→ EXERCISE DESCRIPTION: Beneath this line are entries. Copy the range from the line with "A stunning, fine" to the line with "This stunning, fine", ends included, exactly; leave pictures out.

→ DATA IN THIS EXERCISE:

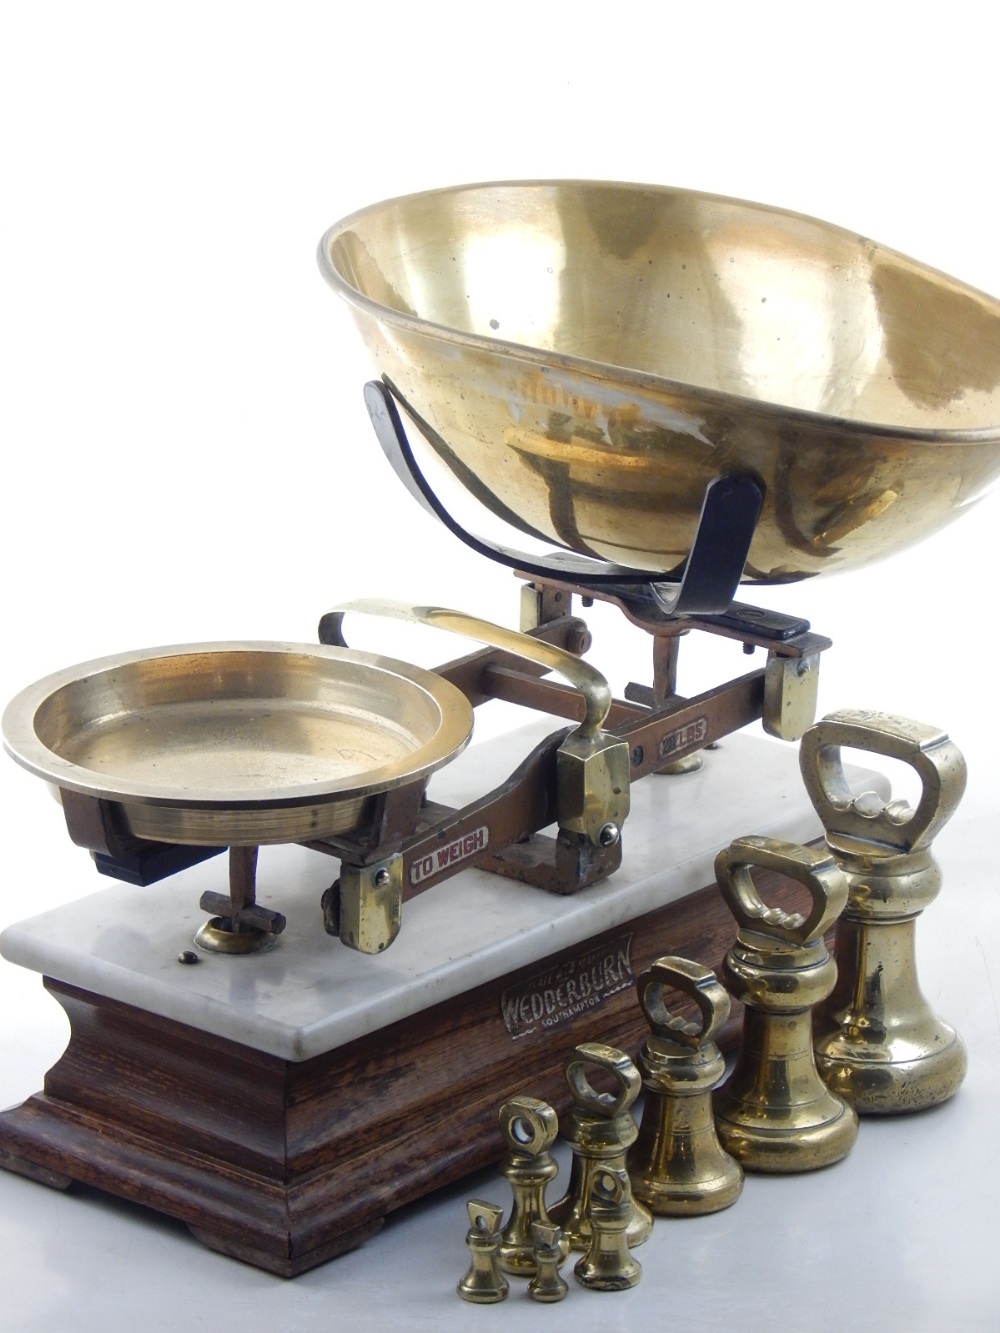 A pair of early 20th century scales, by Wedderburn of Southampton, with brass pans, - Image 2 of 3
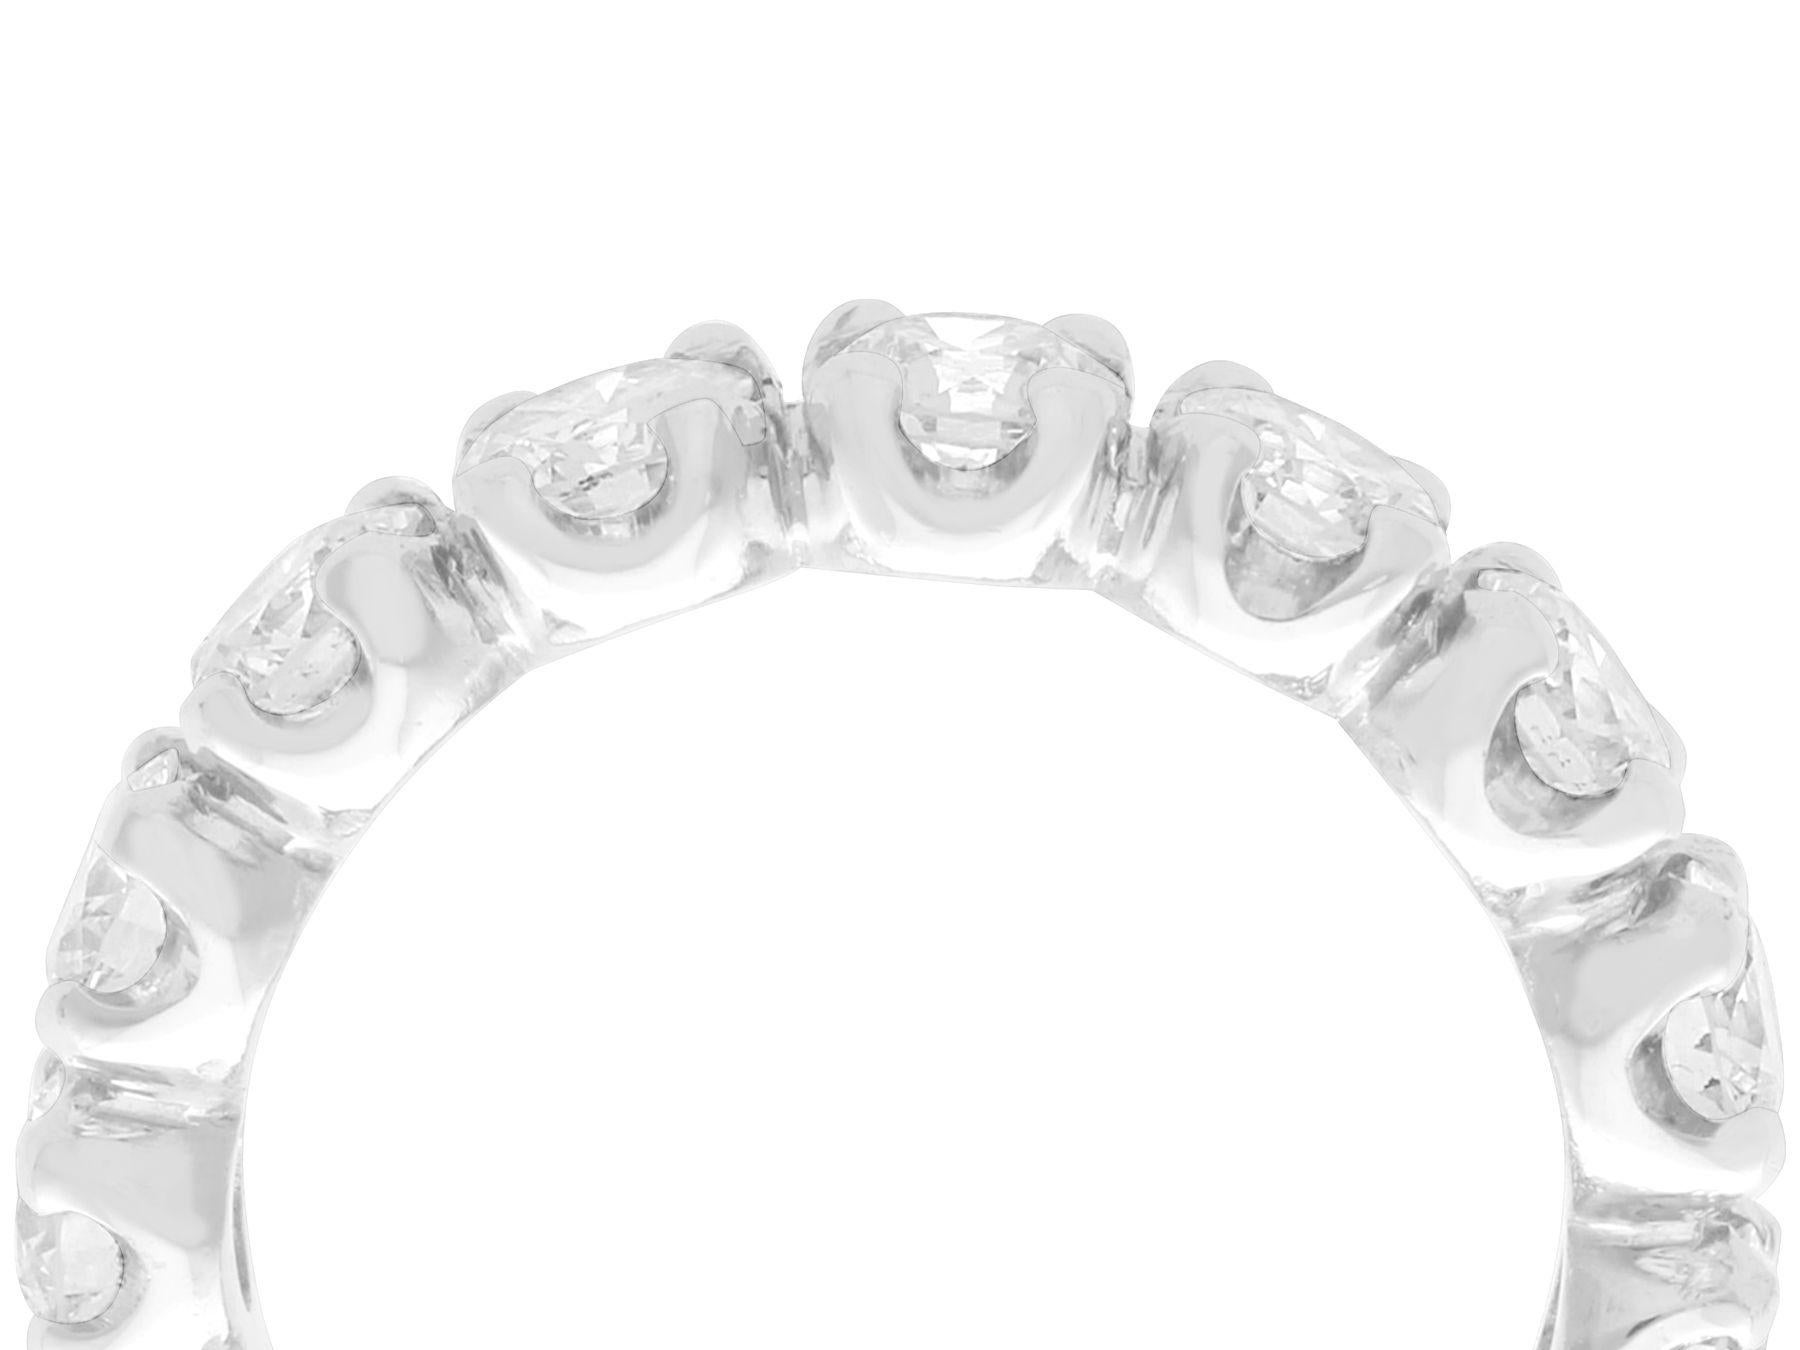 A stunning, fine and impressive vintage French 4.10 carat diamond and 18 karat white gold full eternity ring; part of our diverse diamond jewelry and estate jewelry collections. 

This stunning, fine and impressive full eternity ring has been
...
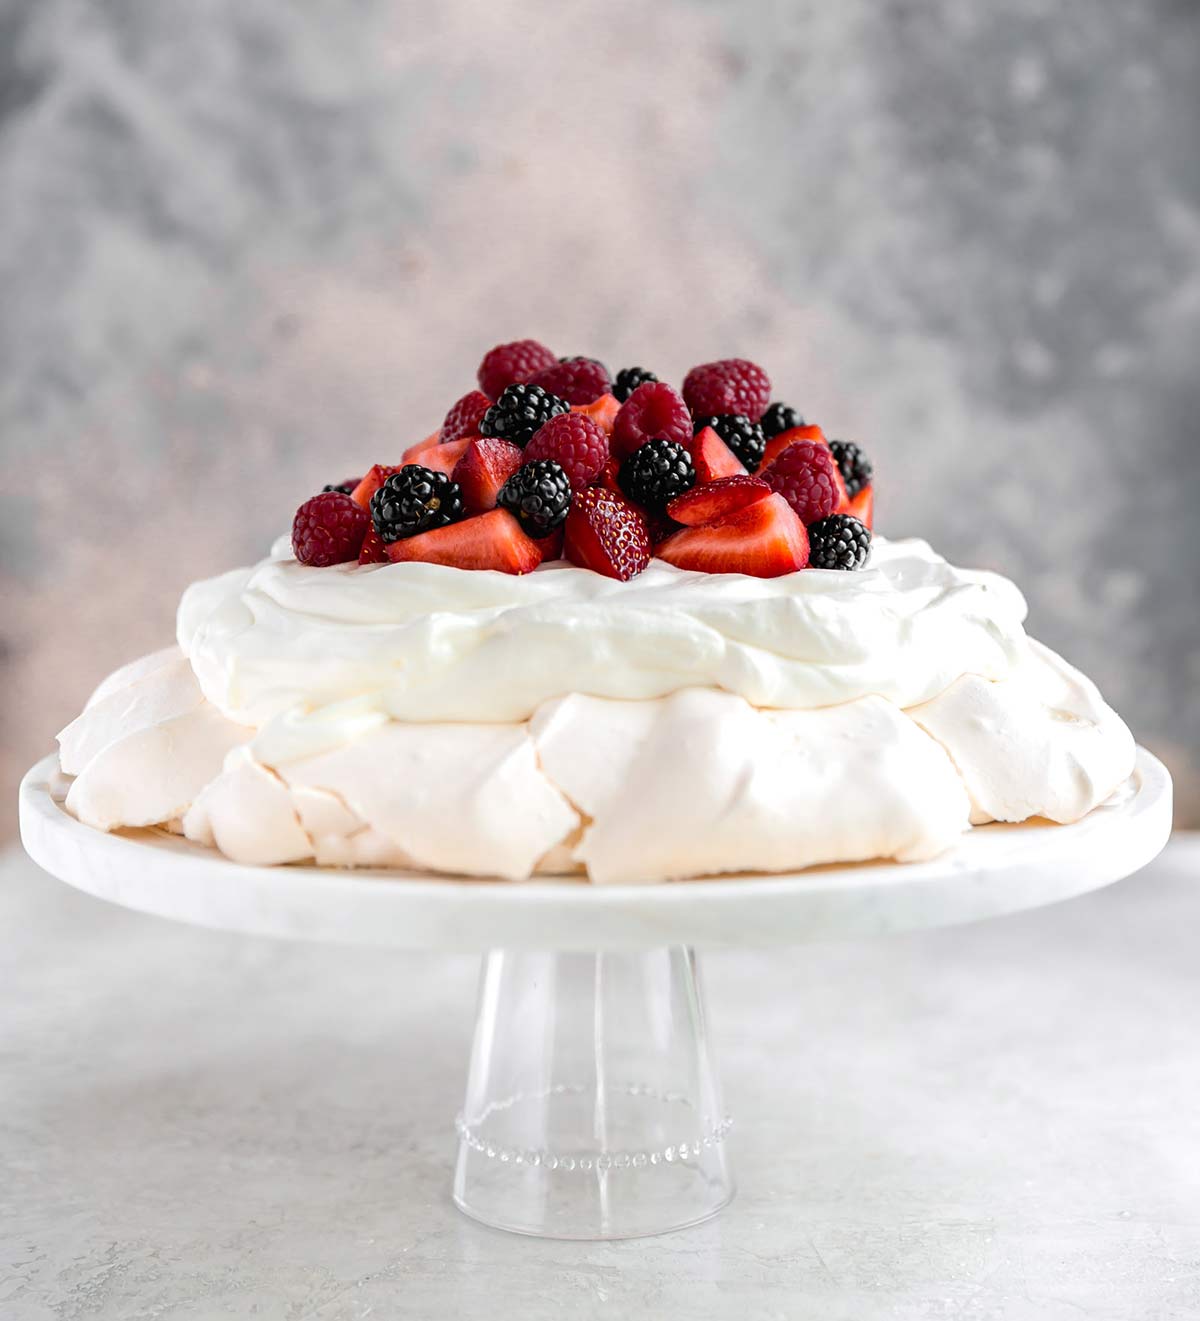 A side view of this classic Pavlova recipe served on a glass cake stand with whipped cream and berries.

→ RESULT FOR THIS TASK:
 A stunning, fine and impressive vintage French 4.10 carat diamond and 18 karat white gold full eternity ring; part of our diverse diamond jewelry and estate jewelry collections. 

This stunning, fine and impressive full eternity ring has been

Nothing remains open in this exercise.